Business Law

THE COMPETITION BOARD’S APPLICATION OF SETTLEMENT PROCEDURE

The mechanism of settlement, which is frequently used since the year 2008 by European Commission authorities in Competition Law, came into force with the amendment of Article 43 entitled “Initiation of Investigation, Commitment and Settlement” of the Law on the Protection of Competition numbered 4054 (“Law”) on 16.06.2020. Within the scope of this practice introduced in the competition law legislation, the Board may initiate the settlement procedure and decide to terminate the investigation, upon the request of the relevant parties or ex officio, taking into account the procedural benefits arising from the rapid completion of the investigation process and the differences of opinion regarding the existence or scope of the violation.

Boundaries and application areas are determined by the Regulation on the Settlement Procedure for Investigations on Anticompetitive Agreements, Concerted Practices, Decisions and Abuse of Dominant Position, (“Regulation”) published in the Official Gazette dated 15.07.2021. Within the scope of reconciliation, the Board may decide to terminate the investigation in terms of the undertakings in question and to reduce the administrative fine by 10% to 25%, upon the submission of the reconciliation text, which includes that the undertakings under investigation have accepted the existence and scope of the violation and other relevant issues. The undertakings, whose investigations were terminated with settlement, can no longer bring the administrative fines and the issues included in the settlement text into the subject of lawsuits any more.

In accordance with the general principles of the settlement, the Competition Board (“Board”) may apply to the settlement procedure upon the written requests of the parties or ex officio. Settlement applications can also be made through the e-Government Gateway, and the Board and the parties are in charge until the notification of the investigation report.

After the settlement application, the Board

• Number of parties involved in the investigation
• Whether a significant part of the parties to the investigation resorted to settlement,
• The scope of the violation and the nature of the evidence,
• Whether it is possible to reach a common opinion with the investigative parties regarding the existence and scope of the violation.
It may accept or reject the request, as well as decide to invite other parties to settlement negotiations.
In case the Board accepts the written request submitted by the parties, settlement negotiations are started and an interlocutory decree is made as a result of the negotiations, which includes clues regarding the final decision.

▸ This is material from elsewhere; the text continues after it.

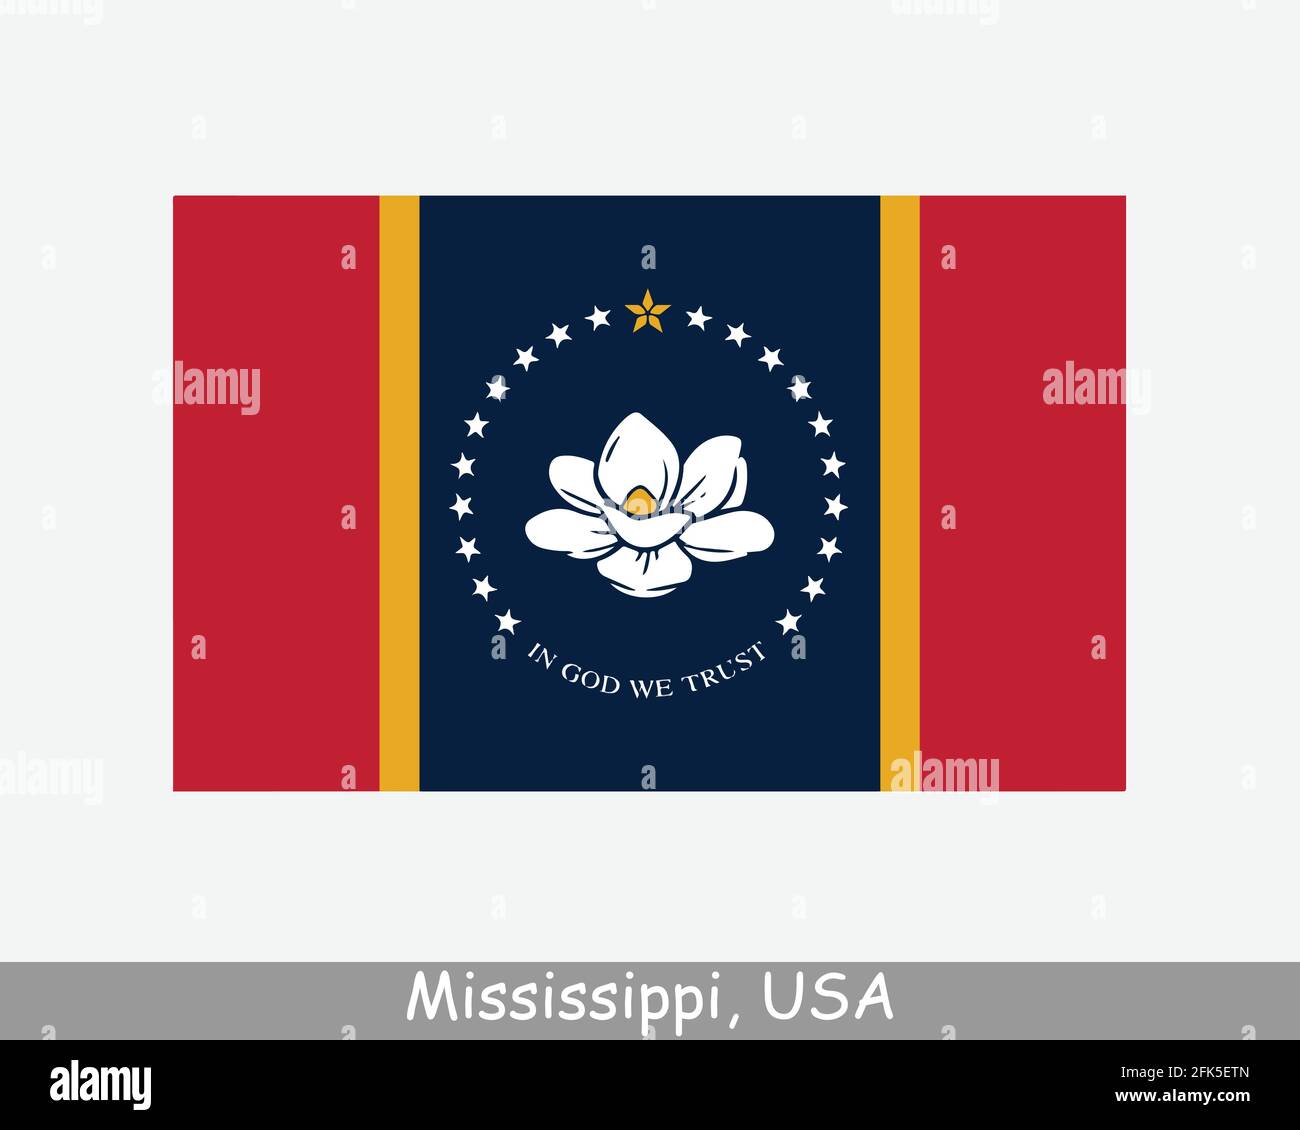 Mississippi USA Staatsflagge. Flagge von MS, USA isoliert auf weißem Hintergrund. Vereinigte Staaten, Amerika, American, Vereinigte Staaten von Amerika, US-Bundesstaat. Vektor Stock Vektor

In this interlocutory decree;

• The nature and extent of the alleged violation of Competition Law,
• Calculated maximum administrative fine rate,
• The discount rate to be applied as a result of the settlement,
• Discount rates that can be applied within the scope of active cooperation,
• Maximum penalty rates to be given,
• The definite period not exceeding fifteen days to be given for sending the settlement text to the Institution, and
• In case the settlement text is not sent in due time, the Board will not be bound by the matters included in the interlocutory decree.

Following the Board’s interlocutory decree, the parties are required to send the text of the settlement to the Board, in due time, which includes the declarations of their acceptance of the existence and scope of the violation. After the parties send the settlement texts to the Board in due time, the final decision phase is initiated within fifteen days from the date of entry into the Board’s records.
It is anticipated that the administrative fine to be imposed can be reduced by 10% to 25% and that the matters subject to settlement will not be the subject of lawsuits under the terms of the “Regulation on Fines to Apply in Cases of Agreements, Concerted Practices and Decisions Limiting Competition, and Abuse of Dominant Position.”

CONCLUSION
In light of all of this information and the Board’s settlement decisions made since the year 2020, it is seen that: Settlement is a mechanism that concludes quickly, increasing its applicability and preference both in terms of undertakings with numerous specific findings against it and in terms of the Board.